A Missouri judge ruled Thursday that Edward Gutting, a former instructor of modern and classical languages at Missouri State University, is unfit to stand trial for the 2016 murder of his former colleague Marc Cooper, who was a retired professor of history at Missouri State. The Springfield News-Leader reported that Gutting was charged with first-degree murder but that the court order suspended criminal proceedings and sent Gutting to mental health treatment. Gutting’s attorneys raised concerns about his mental faculties and ability to participate in his own defense, and a state psychologist agreed. The state is to report back to the court about Gutting’s mental capacities in seven months.

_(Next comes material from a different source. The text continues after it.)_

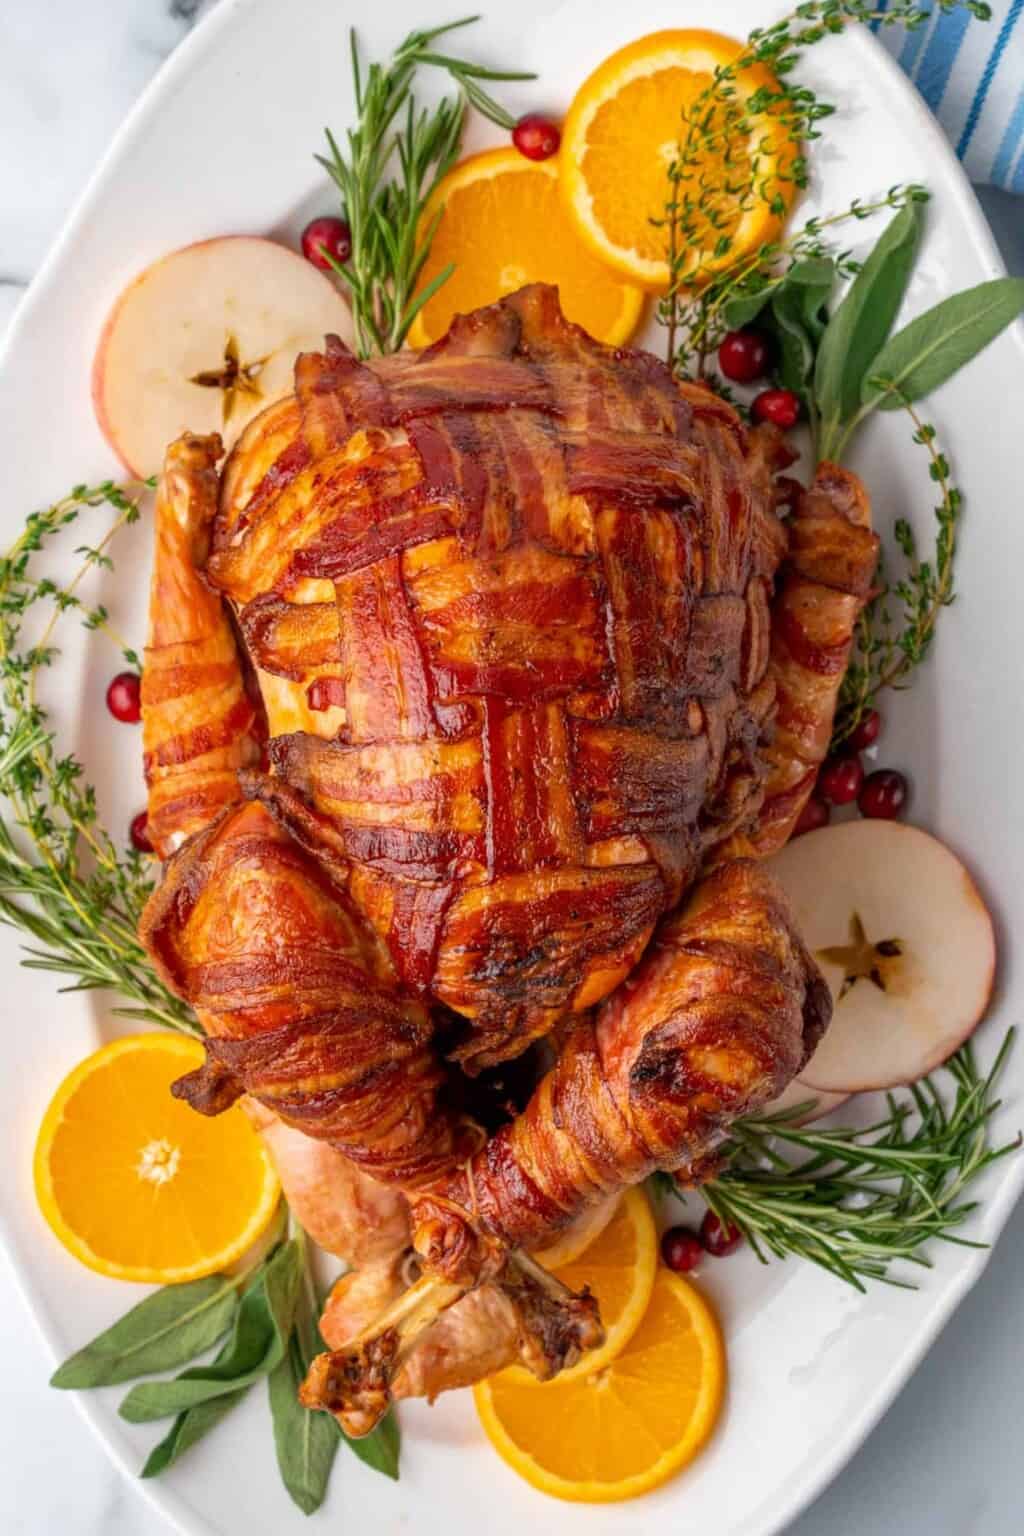 Bacon-Wrapped Turkey garnished with slices of oranges and apples with herbs on a oval plte

Gutting allegedly stabbed Cooper to death in Cooper’s home, injuring his wife, Nancy, as well. The News-Leader reported that data on Gutting's computers indicated he was having money problems and that he felt Cooper was making his work life difficult. Cooper retired in 2014, but Gutting may have wanted his still-unfilled position, according to police records.

January 4, 2019

Dartmouth College on Thursday announced a new Campus Climate and Culture Initiative aimed at curbing sexual harassment and misconduct. The announcement comes weeks after Dartmouth was sued by seven female former students who said the college mishandled their misconduct complaints about three former professors of psychological and brain sciences who resigned or retired last year.

President Philip Hanlon wrote in an all-campus memo that “Powerful accounts of sexual misconduct and the surfacing of painful memories have had a profound effect on us all. While change does not come easily for any institution, and there are no easy solutions, the stories that brave members of our community have shared strengthen our resolve to ensure that our learning environment is safe and inclusive for all of its members.” The initiative, called C3I, is inspired by a recent National Academies report on sexual harassment, Hanlon said. It will consist of climate reviews in all academic departments, mandatory sexual harassment training, professional development and leadership training, and increased campus resources and personnel, among other measures.

Attorneys for the plaintiffs in the pending federal case, who are with the firm Sanford Heisler Sharp, said in a joint statement, “To the extent that Dartmouth now seeks to conform its policies to the requirements of federal law, we certainly support this long overdue step.” Yet Dartmouth “continues in its failure to acknowledge or accept responsibility for the damage its long history of inaction has caused,” they added. “Until Dartmouth commits to making the women whose ‘courage’ Hanlon claims to ‘admire’ full partners in crafting and implementing reforms, each new ‘comprehensive initiative’ will continue to miss the mark.”